We all ate dinner mostly in silence. Mac chattered off and on, and the baby gurgled with every bite of food. He was still learning, I realized, and wondered how he could possibly grow when he seemed to get more food on his face and the tray than he did in his mouth.
After dessert (mom’s specialty was dessert, so it was surprising I hadn’t grown up a fat ass), I bowed out, claiming I was fatigued from the trip and the events of the day. It was partially true. In reality, though, I was more worn out from all the familial contact.

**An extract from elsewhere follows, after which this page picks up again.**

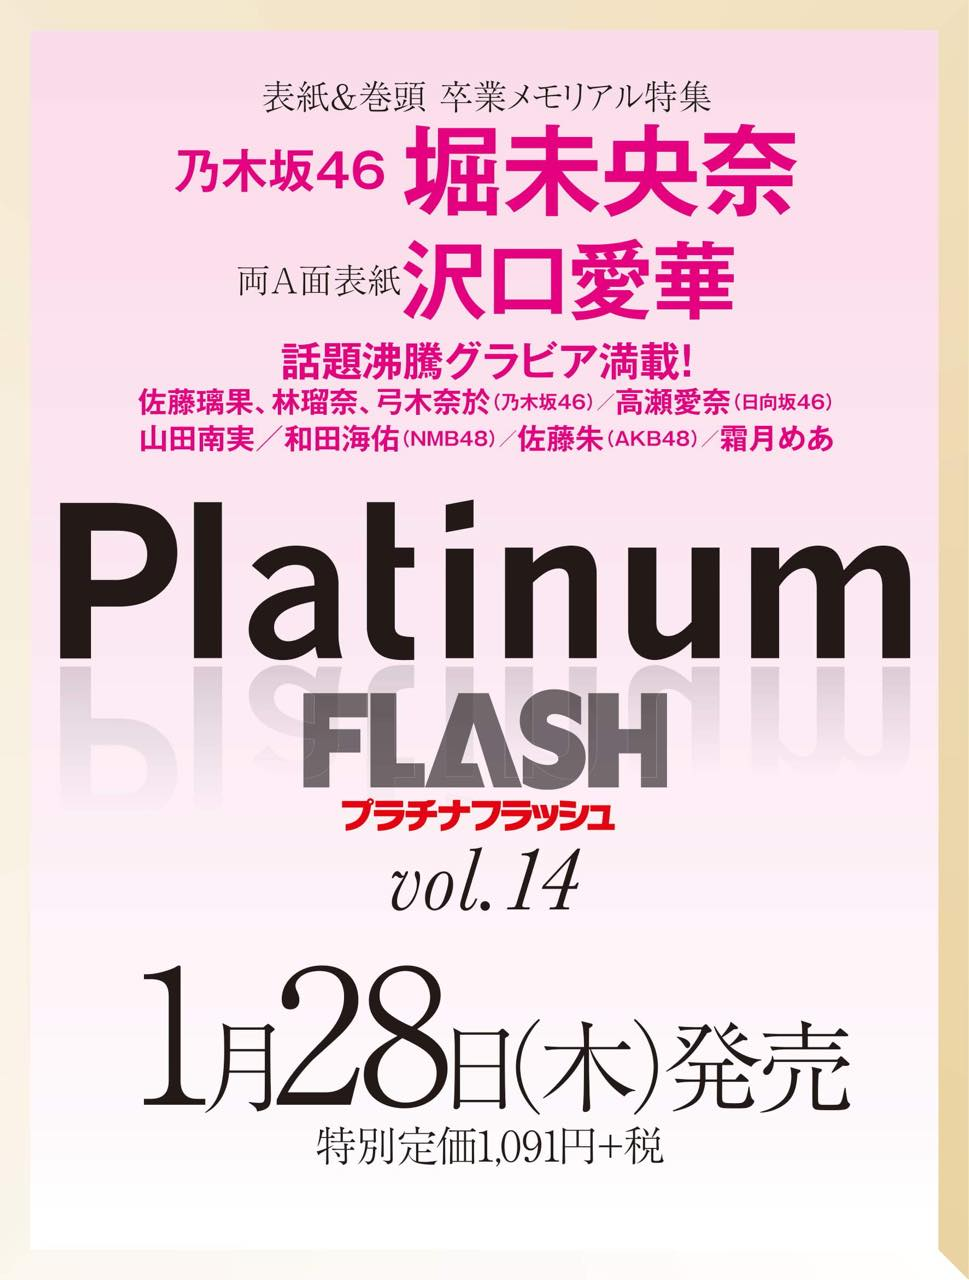 AKB48 佐藤朱、NMB48 和田海佑、グラビア掲載!「Platinum FLASH vol.14」1/28発売!

I dug out my sketch pad and pastels and doodled, lying on the bed, knowing I’d gone from a bad situation to an almost worse one. I finally turned off the lamp and lay my head on the pillow. But I didn’t fall asleep for the longest time, even though I was exhausted. The life I had known in the short time I’d lived as an adult was now gone, and I lay there trying to figure out how to fix it.
Chapter Two
I WOKE UP early the next morning. It was barely light outside , the early April morning resisting the sun . I threw on a sweater and slippers, knowing it would be chilly outside, and went out back. I sat in a lawn chair and breathed in the crisp, clean air (un-Denver air) and watched the sun rise. I found out quickly that there is nothing like a sunrise in Winchester, the vivid reds and oranges fighting each other to be seen on the clear horizon. Winchester might have been tucked in the foothills, but to the east, just past Colorado Springs, lay miles upon miles upon miles of some of the flattest land you’ve ever seen. So the sunrise was spectacular, and watching it gave me hope.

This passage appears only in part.